Economic and political processes differ widely across the states in India. Some states have
seen rapid economic growth and development while others are facing economic stagnation.
Such differences in performance are being attributed to the nature of state level political
regimes and their role in shaping policies of economic growth and distribution (Kohli 1987).
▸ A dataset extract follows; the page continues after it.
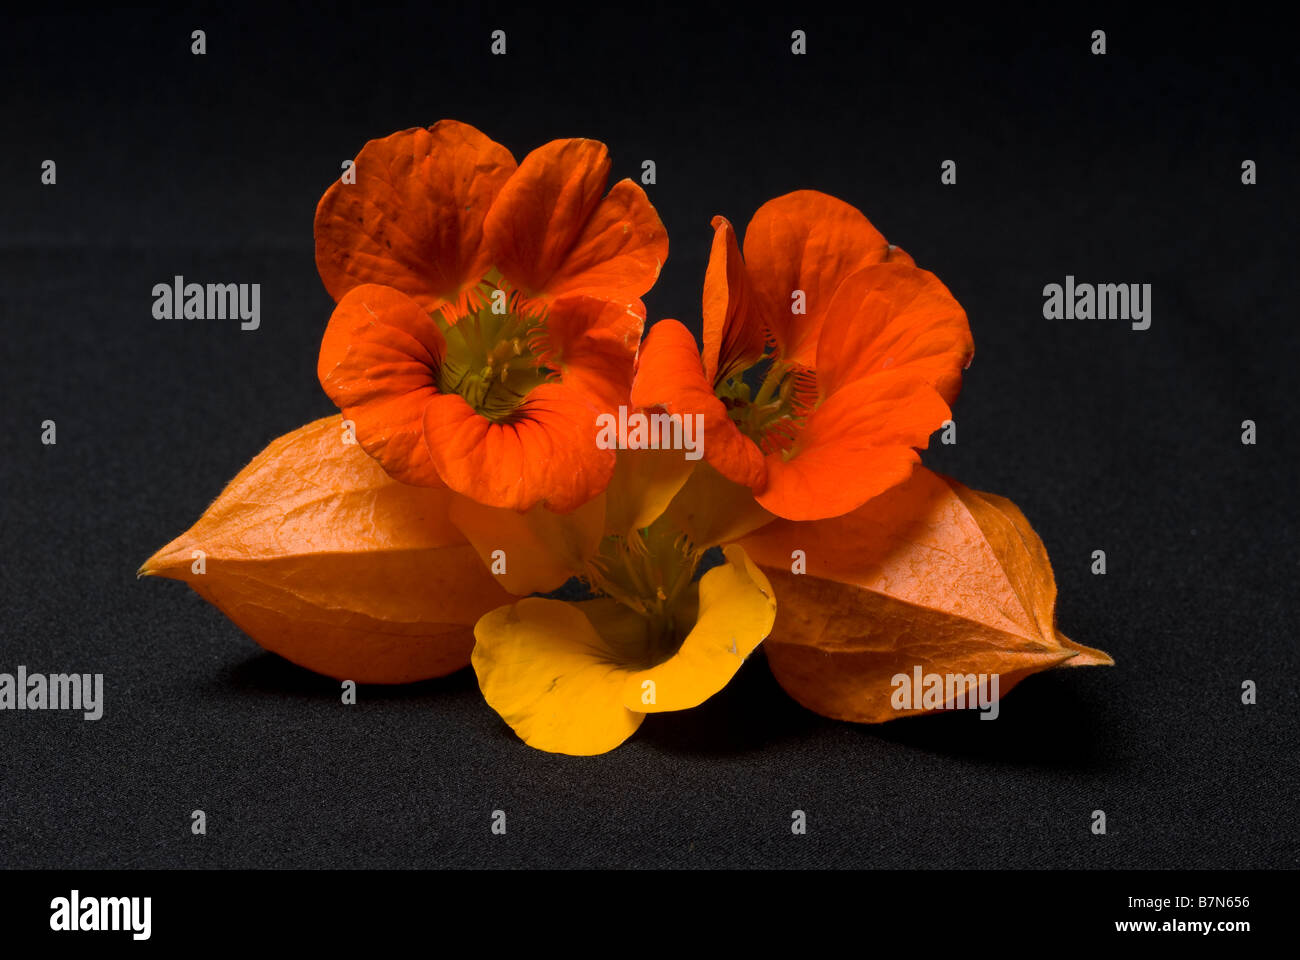 Stylish composition of flowers in a studio Stock Photo

The Indian Constitution divides the legislative power between the centre and the states
through three subject lists: the union (central government) list, the state list, and the
concurrent list. States can enact legislation through the state list and the concurrent list. Thus,
the Constitution confers wide powers on the states to legislate in areas such as agriculture,
land and labour markets, water supply and sanitation, and most importantly, education and
health (Panagariya, Chakraborty and Rao 2014). The states account for about 90 percent of
total government expenditure on education and health in India (Mehrotra and Panchamukhi
2006).
It has in fact been argued that development expenditure incurred by the state government has
an impact on socio-economic outcomes, particularly poverty reduction in India (Dutt and
Ravallion 2002). In addition to this, the states are also responsible for the implementation of
laws passed and directives issued by the centre. Thus, in both the formulation and
implementation of economic policies, the states play a significant role. Further, the process of
economic liberalization has opened up the space for the states to directly negotiate with
international capital in attracting investments. Today, each state holds separate „investors‟
summits in India to attract inflow of investment. There are regional differences in institutions,
rules and styles that also influence the flow of investment (Sinha 2003). Thus, political and
social institutions at state level set the path for developmental outcomes in India
According to John Harriss (1999), Kerala, Tamil Nadu, and West Bengal are states with
political regimes dominated by lower castes and classes – albeit in different ways. Pranab
Bardhan contrasts “welfare regimes” in West Bengal and Tamil Nadu and attributes the
differences between the two to the divergent nature of regional social movements. He argues
that regional capital in Tamil Nadu is more indigenised and the state has a „culture of wealth
creation as opposed to redistribution‟ (cited in Tillin 2013). In contrast to both Tamil Nadu
and West Bengal, Gujarat has not seen any independent mobilization of lower castes and
classes.
Tamil Nadu, Gujarat and West Bengal have distinct political regimes. For instance,
Tamil Nadu is home to anti-caste movements and political mobilisation of OBCs and SCs for
over a century (Arooran 1980; Chandrababu 1993; Pandian 2006). The DMK that came to
power in 1967, with a broad social base of lower castes and classes, had a huge influence on
the policy regime in the state. West Bengal, since 1977, has been ruled by the Left Front
Government headed by the Communist Party of India – Marxist (CPM). The left coalition
had an uninterrupted electoral triumph for more than three decades. The state has been
credited to have a distinguished record of implementing agrarian reforms in rural Bengal
(Mishra 2007; Bandyapadhyay 2008).
Gujarat has been ruled by various factions of the Congress party since its formation. The
Bharatiya Janata Party (BJP) came to power in the 1990s. Under its aegis, the state has
aggressively pursued policies of economic reform. Such policies have generated considerable
economic growth in the State (Bhagwati and Panagaria 2013). Gujarat is, thus, hailed as a
role model for other states. However, the social outcomes have been far from satisfactory
(Sood 2012; Sen and Dreze 2013). It may well be argued that in Gujarat, the state is tied to
the narrow industrial elite in the sense of the earlier conception of a developmental state
which facilitated capital accumulation.
This paper uses distinct categories to understand the political milieu and policy
regimes; populism in Tamil Nadu, mercantilism in Gujarat and party-society in West Bengal.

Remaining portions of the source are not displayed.